Homemade Vanilla Extract
Making your own vanilla extract is surprisingly easy.
The information contained here is based on speaking with commercial producers of vanilla extract. Many recipes found on the Internet don't use enough beans for the amount of extract desired or assume that there is an infinite amount of flavor in a vanilla bean.
Use 1/4 pound of beans for every quart of extract that you want to make. Yes, there are lots of vanilla extract recipes that tell you to use "x" beans to make "y" ounces of extract. The problem with that is that there can be anywhere from 70 to 250 beans per pound, depending upon the length and quality.
Chop the beans into 1/2 inch pieces. Slicing is OK, but it is a waste of time.
Use 70 to 90 proof inexpensive name brand Vodka, like Smirnoff. Some people like to use rum or brandy, but the less taste the liquor imparts, the better. You can always add the flavor later.
You can use extract grade or prime gourmet grade beans. However, you won't necessarily make better extract by using prime gourmet beans.
If you choose to use 100% alcohol (DON'T use isopropyl alcohol or any other type of alcohol not meant for human consumption, it can kill you), add two parts distilled water for each part alcohol. Otherwise, the beans will dry out (it will NOT speed up the extract process). The term "made with 100% grain neutral spirits" does not mean that the contents are 100% alcohol. The bottle should have the alcohol content listed.
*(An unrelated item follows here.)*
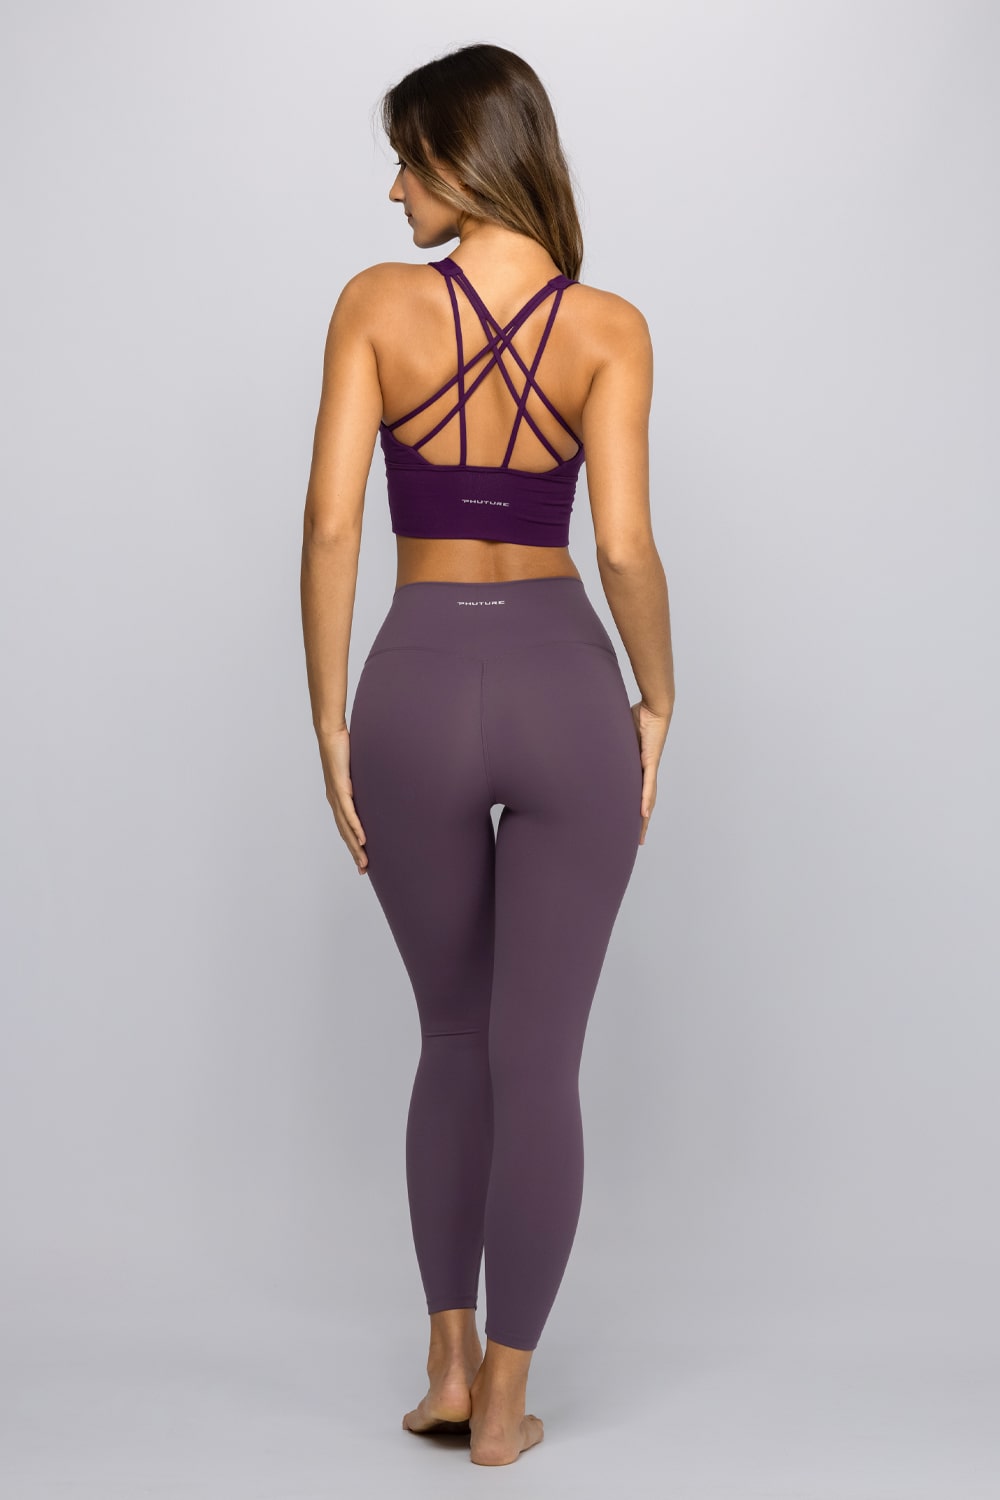 Luxana Lavender Outfit - Priscilla Ricart

Shake the bottle once a day for about a month. Voila! Homemade vanilla extract. You may want to filter your finished product through a cheesecloth. There is no harm in leaving the beans in.
By law, commercial producers of vanilla extract must use at least 0.8 pounds of beans for every gallon of extract that they produce. A gallon is 128 ounces, and a pint is 1/8 of a gallon, so you would want to use at least 0.1 pounds of vanilla beans, or 1.6 ounces.
However, commercial producers have a more sophisticated production method than just chopping the beans and shaking them in a bottle. We suggest using more beans in order to ensure that you get a strong enough extract when you are done - at least two ounces of beans for a pint of extract.
We sell beans by the ten pack as well as by weight. The weight of a ten pack varies depending upon the species, quality (gourmet or extract grade), and length.
Most commercial vanilla extract comes sweetened in order to cut the alcohol smell (there is no other reason to add sugar). You can do the same by adding some corn syrup or sugar water - about 10% by volume.
How do you know when the extract is done? Smell is one way, and another way is by the color - it should be a nice deep amber color. You can't compare the color to what you buy at the store because vanilla extract manufacturers often add coloring agents.
Finally, just like tea bags, coffee grinds, and bubble gum, vanilla beans only have so much flavor in them. After you are done making extract there really isn't much flavor left in them.